I must have read Burgess’s Vision towards the end of 1999. Obviously it saddened me to think that Gibraltarians were receiving such “short shrift” from the literary world, but I still had no plans to start writing Gibraltarian fiction. What, then, made me change my mind?

I think the final trigger was the raft of stories that appeared in both the British and the Spanish press in the early 2000s, when the British government fleetingly considered discussing the territory’s sovereignty with its Spanish counterpart. Gibraltar seemed to be permanently in the news during those tense and heady years, and I kept encountering all kinds of manifest absurdities in the newspapers. That Gibraltarians were raising “two fingers to the wishes of the British majority” and needed to be “told what was good” for us. (3) That we were just a bunch of expats, whom one journalist described as “taxdodgers who [had] moved to the offshore haven to pay less dues on investments, pick up their UK state pensions, vote Tory every four years, and brag about how special the place is because they use sterling, have red phone boxes . . . A sort of EastEnders-on-Med.”(4) And all this was in the British press. In the Spanish media, needless to say, things were (and have always been) much worse. Traitors, smugglers, money launderers, piratas (pirates), land-grabbing settlers – these are just a few of the colourful epithets that have been launched against us over the years via television, radio and the printed media.

It is against this context of misinformation and deliberate obfuscation that I finally took the plunge and started writing about my native land. From the beginning my aim was very clear: I wanted to present a Gibraltar that felt more real and more tangible than the “contested territory” cliché that readers so often encounter in newspaper editorials. I also wanted to demolish some of the more outlandish myths that have been spread about us: for instance, that we have no real roots of our own, and can therefore be reabsorbed back into Spain at any given moment.

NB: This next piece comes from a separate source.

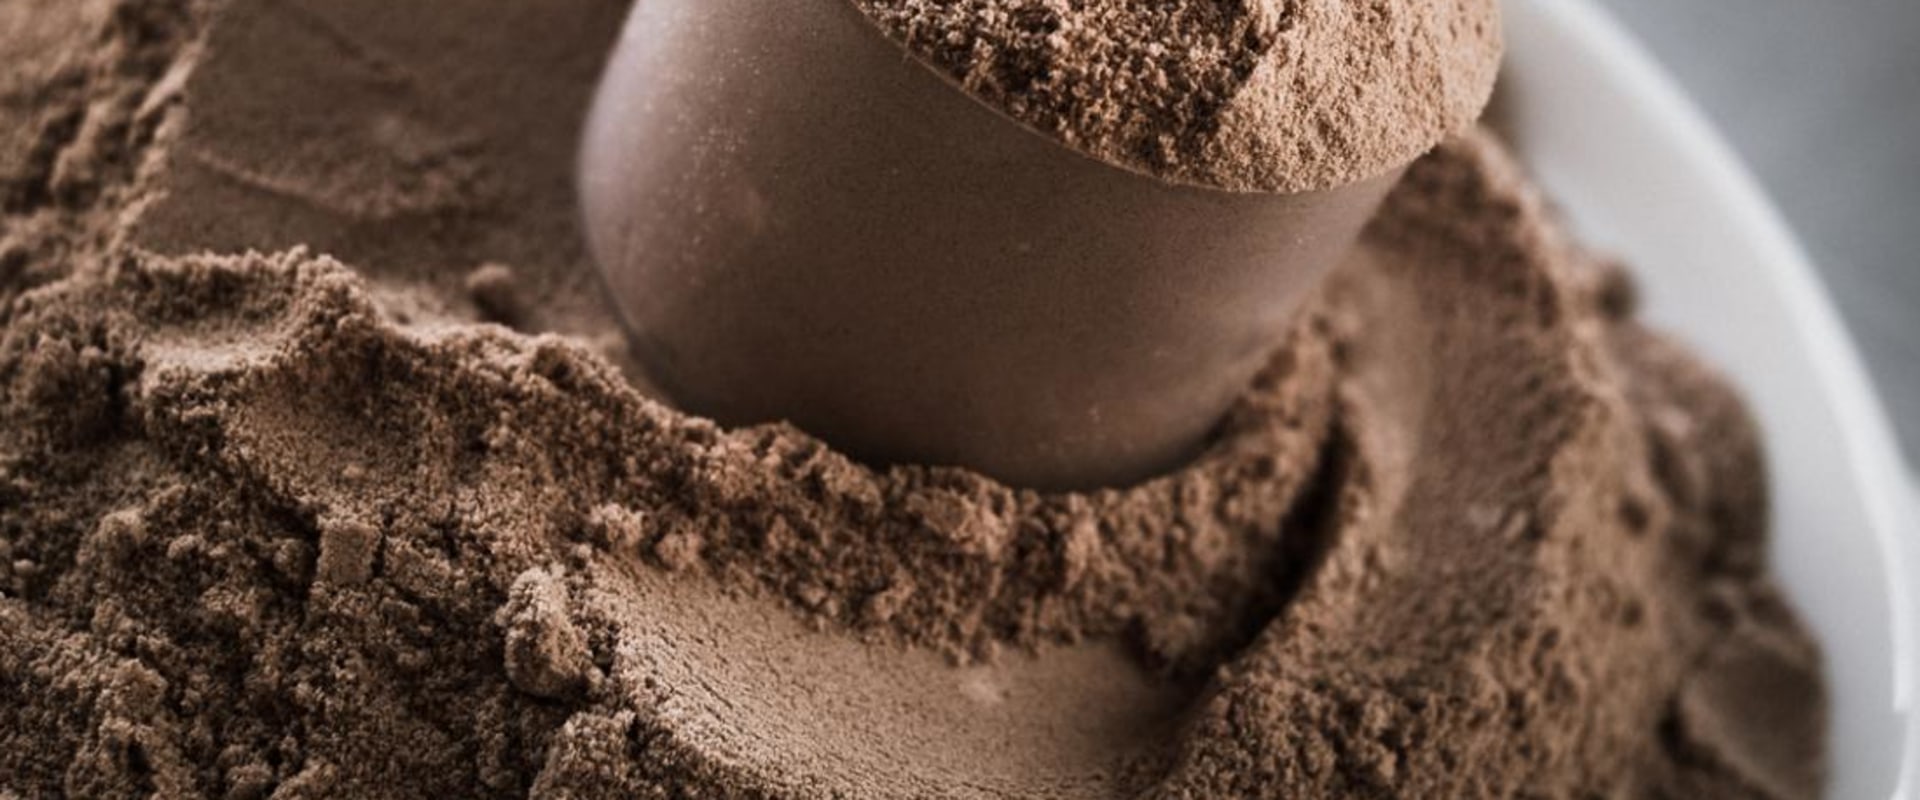 How Much Whey Protein Can Kids Take Safely? - An Expert's Guide

This is simply fabrication. Most modern Gibraltarian families can trace their ancestral origins on the Rock back to the late 18th century, when large numbers of Genoese, Maltese, Portuguese, Spanish and British immigrants came to the military base looking for employment. My own family is a case in point. My paternal great-great-great-great-greatgrandfather was a man named Juaquin Sanchez, who arrived at Gibraltar in 1805. Since then, eight generations of Sanchezes have been born on the Rock under British rule. On my mother’s side, our connection to the place extends even further. The first Whitelock (her maiden name), a Yorkshireman, arrived here in the mid-1780s.

Yet my writing is not simply about correcting historical untruths or exaggerations. It is also about giving Gibraltarians a linguistic and cultural space for themselves – one that offers a little more scope than the usual thirty or forty seconds allotted to them during brief news broadcasts in the UK. I want people to know what makes Gibraltarians tick, what it is like to live on a three-mile chunk of limestone rock, and how special our British-Gibraltarian identity is. I want them to know about the smell of Gibraltar’s dusty cobbled streets, about the sense of history that oozes out of its venerably ancient stones.

Long ago, you see, I came to a simple realisation. And that is that if we don’t start writing about ourselves, we run the risk of being presented to the world solely through the prism of others’ perceptions. Or, to paraphrase the words of the great Nigerian writer Chinua Achebe: “If you don’t write your own stories, others will write them for you.”

M G Sanchez is a Gibraltarian writer based in Tokyo. His latest novel, “Solitude House”, was published in January

1) William Makepeace Thackeray, “Notes of a Journey from Cornhill to Grand Cairo” (1846)
2) Anthony Burgess, “Rock of ages”
3) Peter Preston, “The people of the Rock must be told what’s good for them”, Guardian (25 March 2002)
4) Brian Reade, “Go ape on the Rock”, Daily Mirror (7 February 2002)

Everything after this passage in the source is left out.